Concurrency Overview

Concurrency is the number of requests that a cloud function processes simultaneously at a given moment. If other business services can support it, you can scale your cloud function from handling a few concurrent requests to tens of thousands with simple configuration.

Concurrency Working Mechanism

When a function is invoked, the cloud function allocates a concurrent instance to process the request or event. After the function code finishes running and returns, the instance handles other requests. If all instances are busy when a new request arrives, the cloud function allocates a new concurrent instance.

Note

Cloud function follows the operational logic where one concurrent instance processes only one event at the same time, ensuring the efficiency and stability of processing each event.

Concurrency Calculation

Cloud function concurrency refers to the number of requests or invocations that the function code processes simultaneously. You can estimate it using the following formula:

Concurrency = Request rate × Function execution time = Requests per second × Average request duration

Note

You can view the average request duration in the "Execution Time" section of the monitoring information. For example: If a business has a QPS of 2000 and the average request duration is 0.02s, the concurrency at any given moment is 2000qps × 0.02s = 40

Concurrent Instance Reuse and Reclamation

After a concurrent instance completes processing an event request, it is not immediately reclaimed but retained for a period to facilitate reuse. During this retention period, if new request events require processing, the system prioritizes using retained concurrent instances. This enables rapid event handling without needing to start new concurrent instances.

Note
  • After the retention period, if no requests require processing by that instance, the cloud function platform will reclaim it. For low-concurrency scenarios, no retention period is set; instead, the platform activates an intelligent reclamation mechanism for recycling.
  • The concurrency retention duration is dynamically adjusted by the cloud function platform based on actual conditions. Therefore, in your function business code, you should not assume a specific retention time when programming.

Concurrency Scaling

If no concurrent instance of this version is available to handle the request when it arrives, the cloud function platform starts a new concurrent instance to process it. After initialization, the newly started concurrent instance can handle events. This is referred to as scaling out driven by elastic concurrency.

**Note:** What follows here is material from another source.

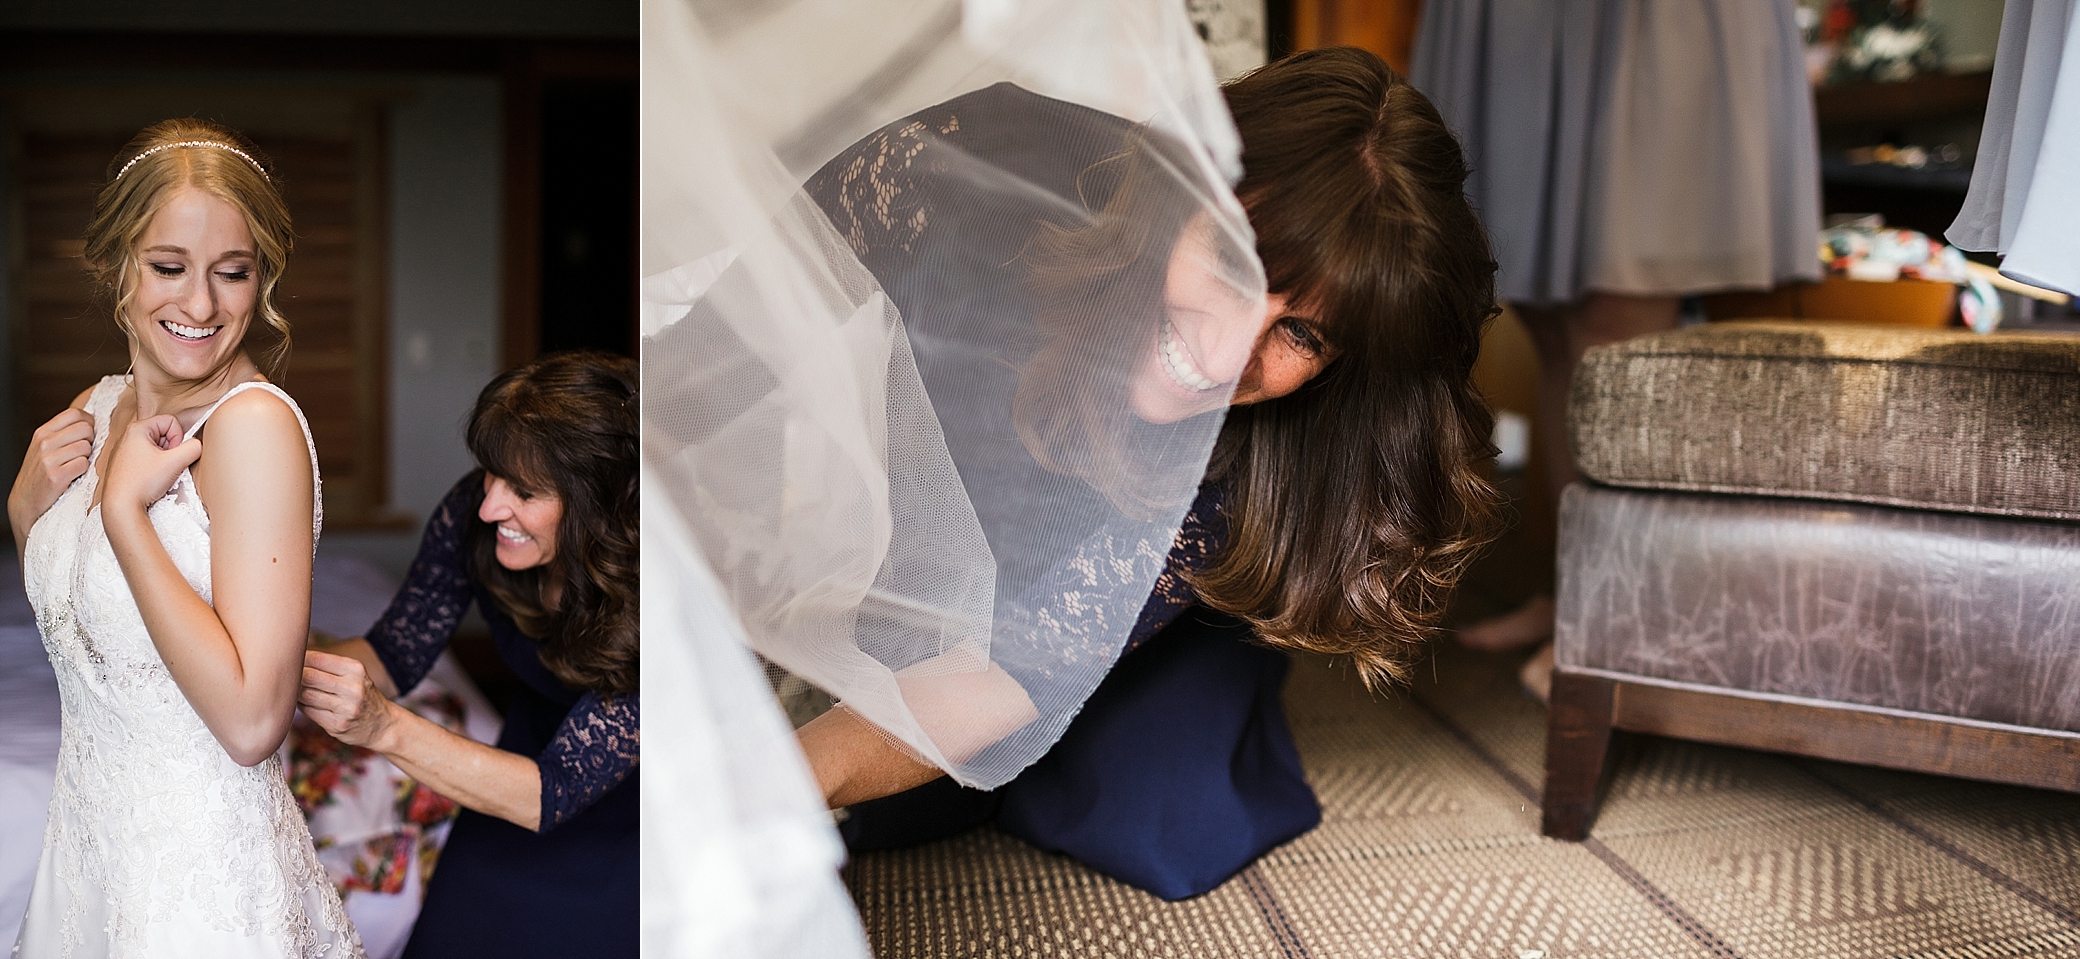 Bride putting on wedding dress | Woodinville Wedding Photographer, Megan Montalvo Photography

At the region level, the scaling out rate for elastic concurrency per account is limited by default to 500/minute, meaning that within one minute, a maximum of 500 new concurrent instances can be started. If the current limit is reached within one minute, no new concurrent instances can be started until the next minute. During this period, new scaling out requests will result in a scaling limit error (429 ResourceLimit).

For example, the default concurrency quota for an account in the Guangzhou region can support 1000 concurrent instances for 128MB functions. When a large number of requests arrive, in the first minute, it can scale from 0 concurrent instances to 500 concurrent instances. If there are still requests to be processed, in the second minute, it can scale from 500 concurrent instances to 1000 concurrent instances, until the concurrent instances can meet the demand of requests or reach the concurrency limit.

Note

An elastic concurrency scaling out rate of 500/minute can meet the needs of most business scenarios. If your business encounters this scaling speed limit, you can choose to use pre-provisioned concurrency to pre-warm or purchase the reserved resource package to increase the elastic concurrency scaling out speed limit.

Provisioned Concurrency

Concurrent instances for elastic concurrency scaling on the cloud function platform need to undergo an initialization process, including runtime environment initialization and business code initialization. You can use the provisioned concurrency feature to pre-configure concurrent instances. After configuration, the cloud function platform will start launching concurrent instances and will not actively reclaim provisioned concurrency instances, ensuring as much as possible that a corresponding number of concurrent instances is maintained. If concurrent instances encounter errors such as code memory leaks, the cloud function platform will replace them with new instances.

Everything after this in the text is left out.